Scott Barry Kaufman, Transcend
Can a community or nation rise through Maslow’s hierarchy and achieve self-actualization? It might seem like an odd way to think of it when the focus is on each individual person and their route to self-actualization. However, there is no issue with arete. The Greeks would have had no issue asking if a city-state had arete.
In the Greco/Roman model shame and a desire to compete acted as a powerful social mechanism to encourage Arete when luxury and entertainment were readily available. Remember that the social classes that would have the greatest chance of achieving arete in those cultures were the elite–the very people who, by having their security needs most easily met, were most at risk of wasting their lives on entertainment and luxury. Shame and a desire to compete and outdo each other in honor served as powerful social mechanisms to keep the elite focused on achieving excellence in life.
The greatest source of power for the ancient Romans had been their willingness, singly and as a group, to compete strenuously, but not in order to win, not to survive. The most powerful social bonds in ancient Rome were a precipitate of the blood the Romans were willing to expend so prodigally for one another generation after generation; no law, no god, no victory, no pride in family or race or status could ever so clarify or crystallize the spirit. The will, the willingness, on behalf of the collectivity to lose everything, to become nothing, had kept selfconsciousness and shame from being too excruciating, too alienating.
…
The religious and legal systems of ancient Rome, as well as the stories and exempla of the Republic, reveal a contest culture with all its attendant emotional and social frictions.
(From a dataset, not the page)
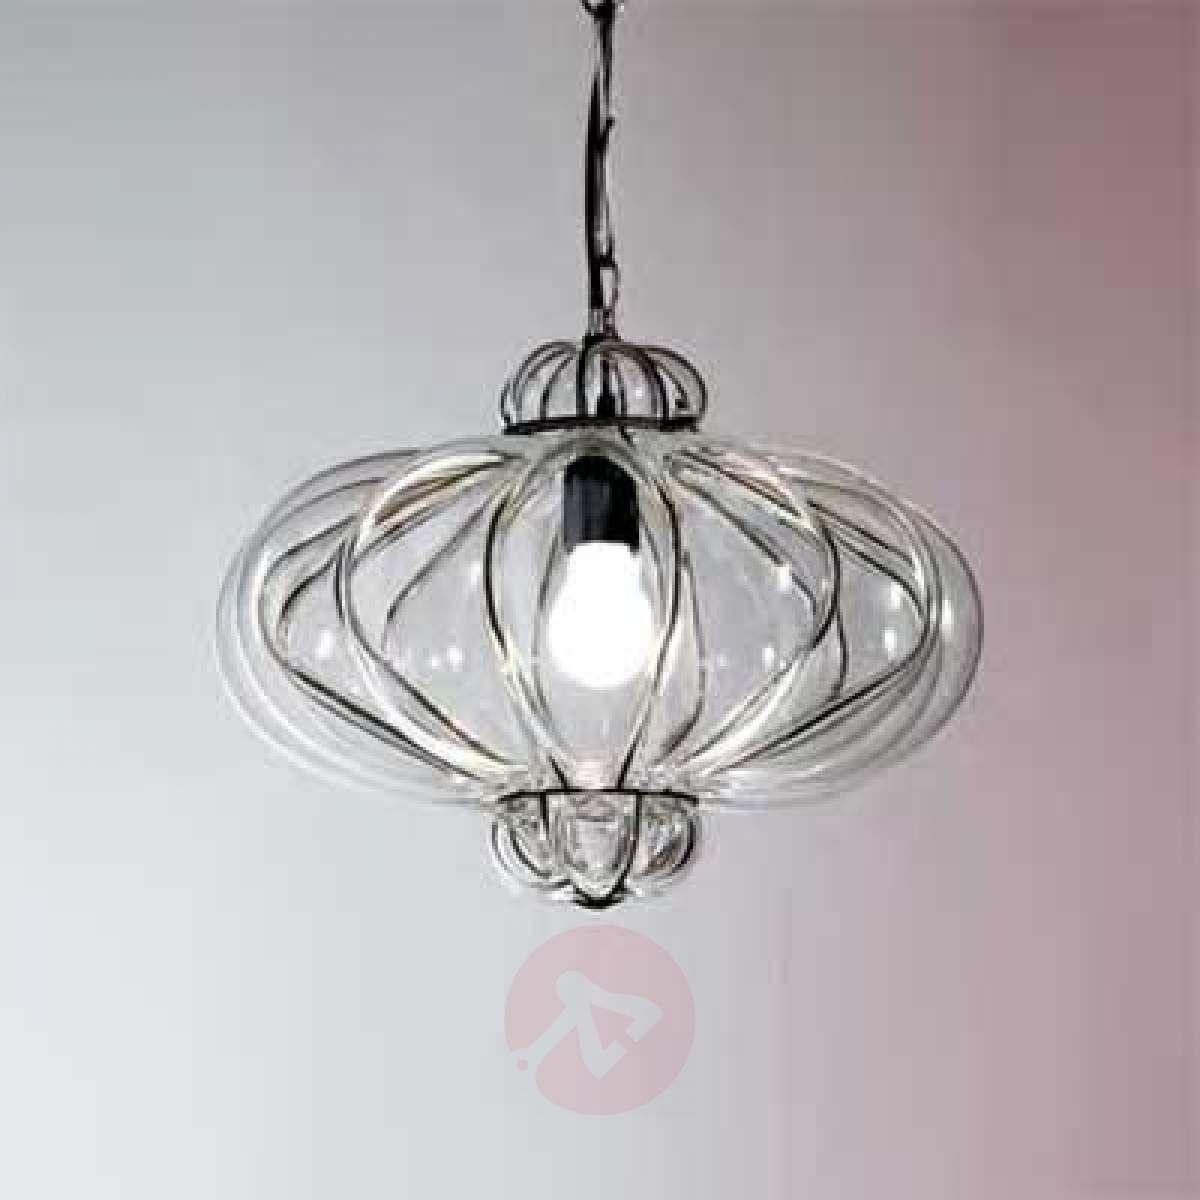 Klasyczna Lampa Wisząca Sultano 24 Cm Lampy Wiszące W 2019
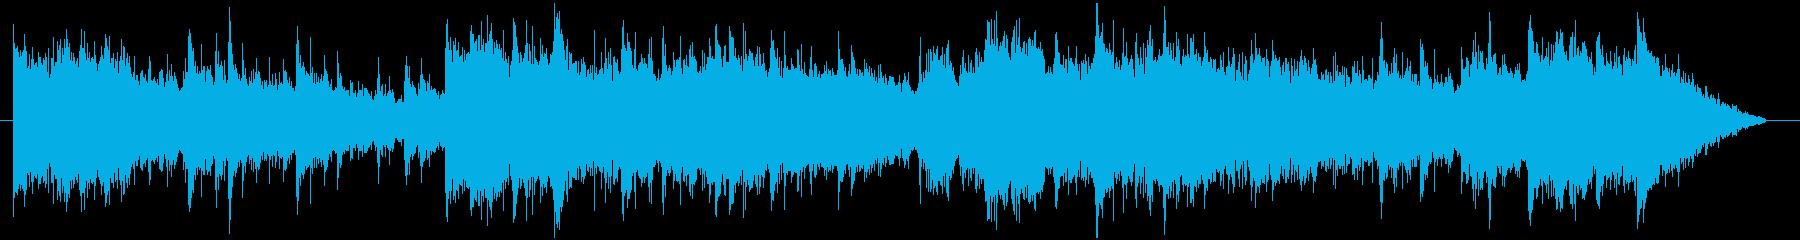 ダークなサスペンス映画風BGMの再生済みの波形

Carlin Barton, Roman Honor: The Fire in the Bones
There is something to keep in mind with both these concepts: although both arete and Maslow’s hierarchy are about living up to your full potential you can never truly know what that is. You’ll never know if you had reached it, or if you could have gone further.
That is a blank spot on the map of life that never goes away, and it requires a willingness to explore your own capabilities. Sometimes what you need to tell yourself isn’t “I can do this.” Instead you should ask, “I wonder what I am truly capable of?” Goals are good, but they imply you already know what’s possible and there isn’t anything left to explore that will surprise you.